Я вздохнул — продажа обещала быть долгой и утомительной. Мне пришлось нагло врать и удивительно детально рассказывать историю обнаружения такой вещи под тяжёлыми бомбежками, с невероятным риском для жизни и здоровья. Наконец, я намекнул, что этот предмет может быть в равной степени новым технологическим прорывом империалистов, так и инопланетной неизведанной штучкой, невесть оказавшейся в горячей зоне. В итоге мы сошлись на полторах тысячах рублей. Я понимал, что этот 'сувенир' они легко продадут за десять тысяч, но торговаться я мне надоело, да и предложенная сумма меня устраивала.

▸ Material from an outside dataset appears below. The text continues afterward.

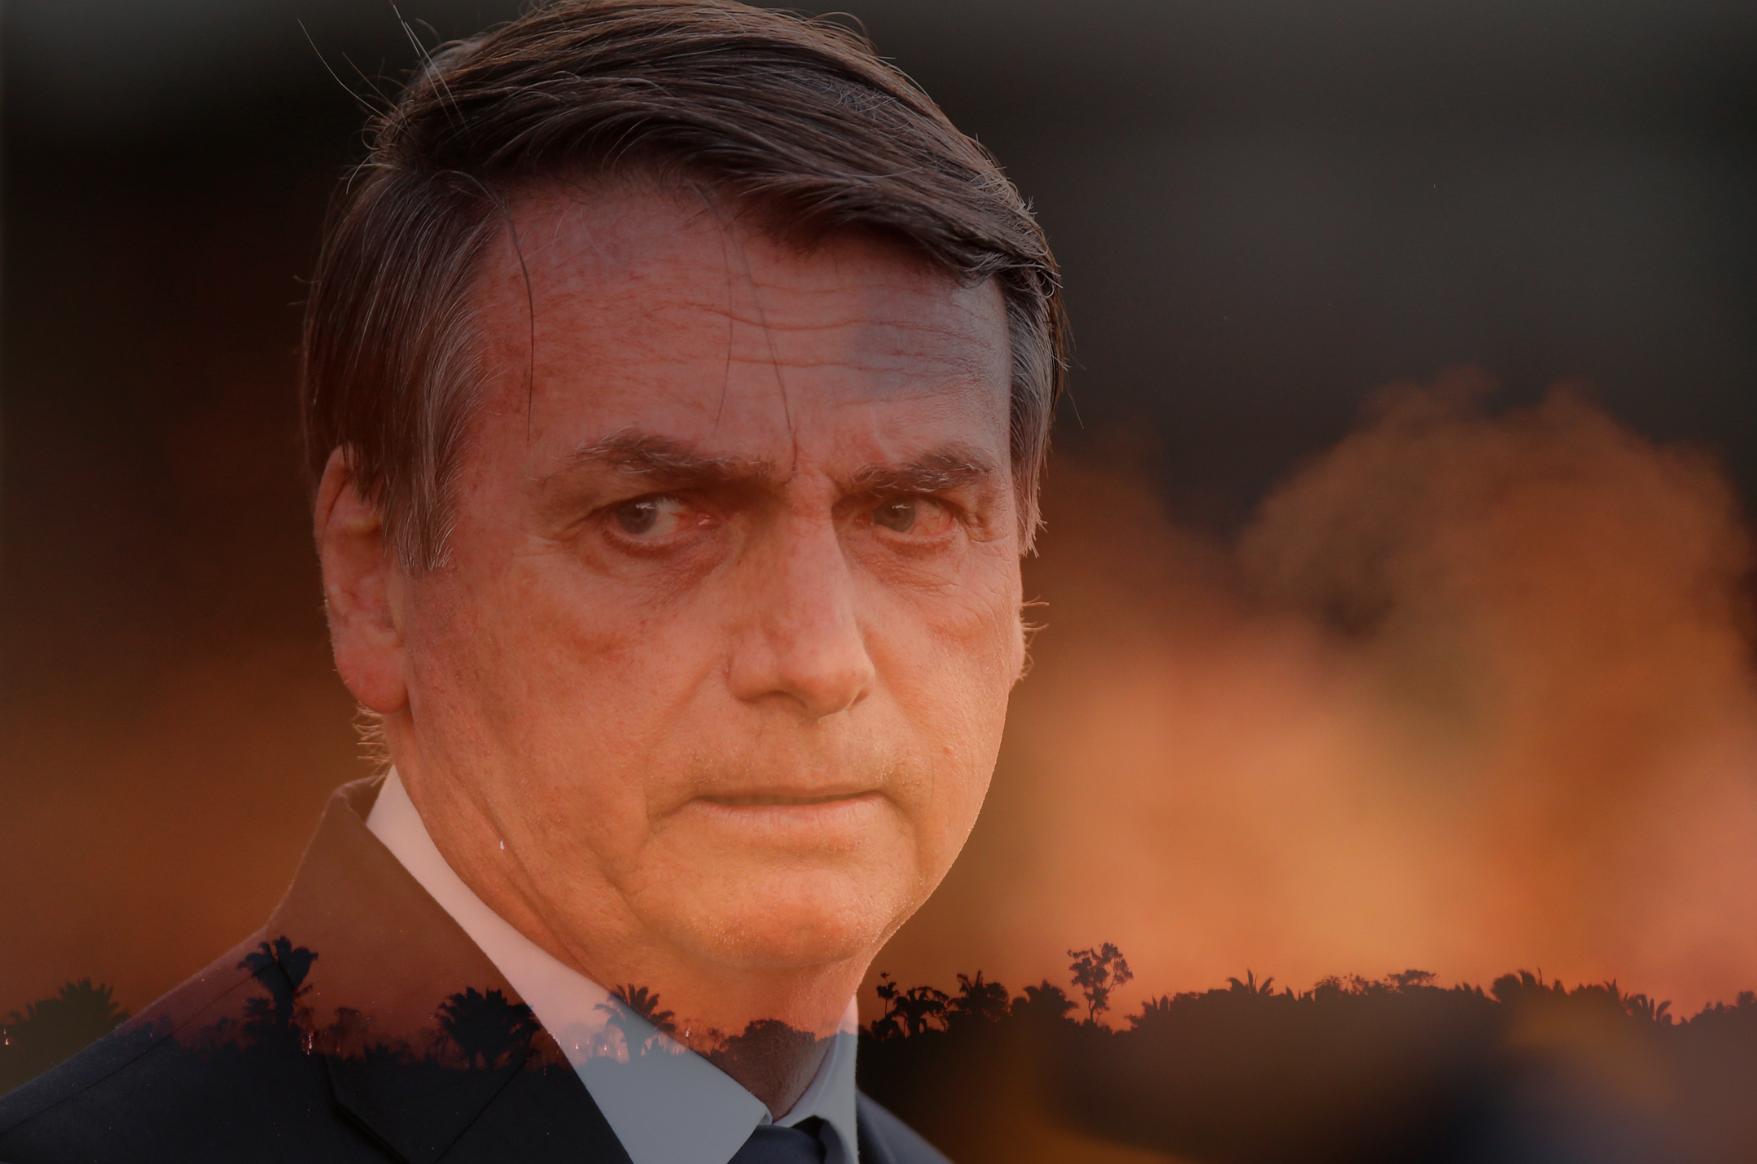 Procurili dokumenti: Bolsonaro aktivno radi da uništi Amazonu
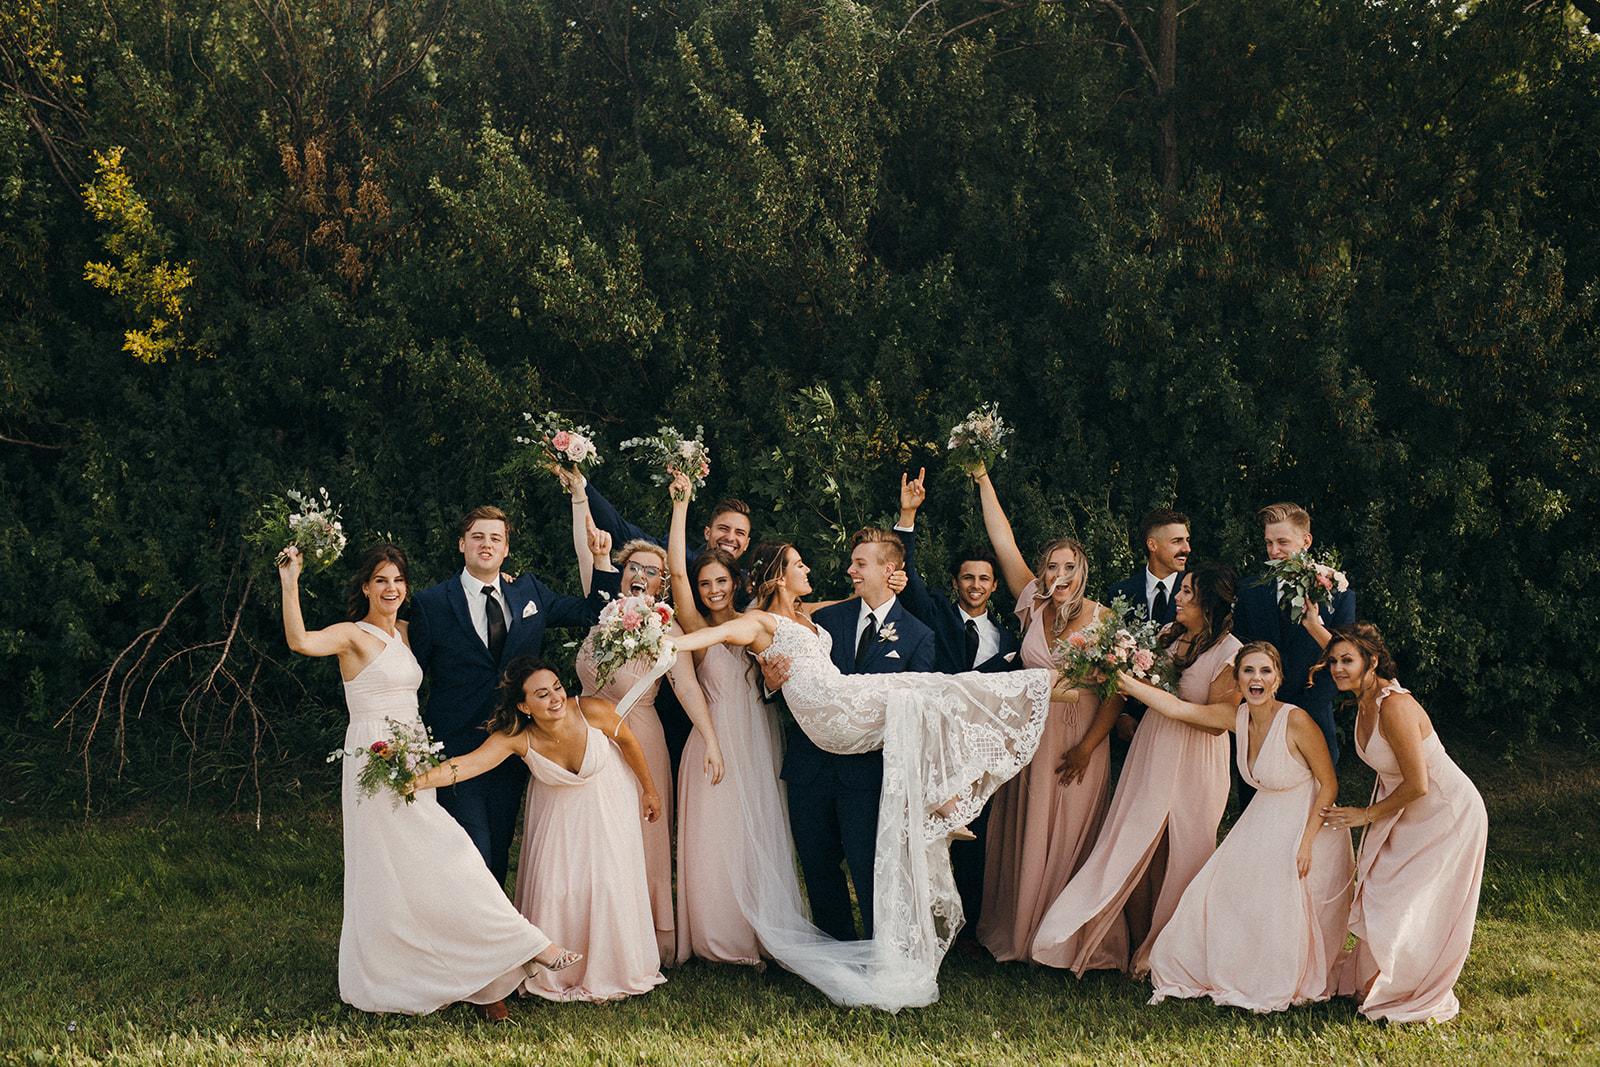 kaden_justine_wedding_2024.jpg

После продажи, я смог приобрести сколько-нибудь нормальной одежды, обуви, наконец, покушать хорошо, сходить в баню, где я целый час отмывался, купить кое-каких лекарств от поноса и дисбактериоза. Всё это мне обошлось примерно в 400 рублей.

Все беженцы, кто потерял кров, не имел родных и не любил бомжевать, спать на вокзалах, в заброшенных домах и на скамейках, отправлялись в центральную Россию, подальше от фронта, в надежде, что там что-то перепадёт, найдётся место, работа, а там уж и выкрутиться можно будет. Рабочая сила была нужна везде, тем более, в тылу — на заводах, на различных предприятиях. Конечно, с меня спросят, почему не в армии, почему не на фронте, и это создавало кое-какие неудобства. Объяснять что моё место, так или иначе, занято, причём собственным сыном, выглядело далеко не просто; что мне на самом деле 55 лет… не смотрите, что так молодо выгляжу — внешность, знаете, обманчива… Такое объяснение казалось нелепым. Говорить правду, о злом роке, который меня сначала отправил в одно примечательное место, но потом выкинул в это, проклятое Богом, было наивно-бессмысленно. Поэтому на сортировочном узле я просто сел в пустой товарняк, который катил порожняком на юго-восток и думал о своём относительно недалёком будущем…

А поезд тихонько катил по железной дороге, монотонно постукивая по рельсам.